Bunsly / HomeHarvest

Python package for scraping real estate property data
https://tryhomeharvest.com/
MIT License
332 stars 75 forks source link

Zillow: 403 Forbidden #15

Closed ddxv closed 1 year ago

ddxv commented 1 year ago

Python 3.10.11 Versions tested: 0.2.13

What I tried to do:

properties: pd.DataFrame = scrape_property(
    site_name=["zillow", "realtor.com", "redfin"],
    location="85281",
    listing_type="for_rent" # for_sale / sold
)

Output: requests.exceptions.HTTPError: 403 Client Error: Forbidden for url: https://www.zillow.com/homes/for_rent/85281_rb/

Testing this URL in browser works OK.

cullenwatson commented 1 year ago

Try a proxy with proxy=, also you can use tryhomeharvest.com

ddxv commented 1 year ago

I see, I don't have a proxy on hand at the moment, but just curious, do you think changing the UA that homeharvest is using would help? What UA is it currently set to? I have only used the library once a couple days ago, so would be surprised if the blocking rule is based on IP only.

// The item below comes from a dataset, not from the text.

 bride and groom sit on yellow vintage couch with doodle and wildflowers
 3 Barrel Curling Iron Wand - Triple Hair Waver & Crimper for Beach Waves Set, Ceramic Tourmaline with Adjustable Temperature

cullenwatson commented 1 year ago

The headers are located here at the bottom: https://github.com/ZacharyHampton/HomeHarvest/blob/master/homeharvest/core/scrapers/zillow/__init__.py

Mozilla/5.0 (Windows NT 10.0; Win64; x64) AppleWebKit/537.36 (KHTML, like Gecko) Chrome/116.0.0.0 Safari/537.36

It may be the cookie as well. When I made it, if I didn't have the cookie, the requests wouldn't work. Any insights @ZacharyHampton

image
cullenwatson commented 1 year ago

It's def the cookie. I changed it to an updated one from my browser and it's good now on every request. The old cookie only worked on certain ips. Maybe time-based tho not sure if it's a long-term solution.

cullenwatson commented 1 year ago

I believe we can fix this by fetching the cookies on an initial request & dynamically setting it to a fresh cookie every time for the backend endpionts

ddxv commented 1 year ago

I believe we can fix this by fetching the cookies on an initial request & dynamically setting it to a fresh cookie every time for the backend endpionts

Ah, perfect, that is the only thing I would have suggested as well. Thanks for the link above as well to init.py. Will also check the PR to see where fixes were made. Cheers

cullenwatson commented 1 year ago

Should be working good, you can pip upgrade to get latest changes. Let me know

ddxv commented 1 year ago

Yes, pulled newest changes and checked that last commit. I'm far from an expert here, but looks good to me. Also checked and working again. Thanks for the help!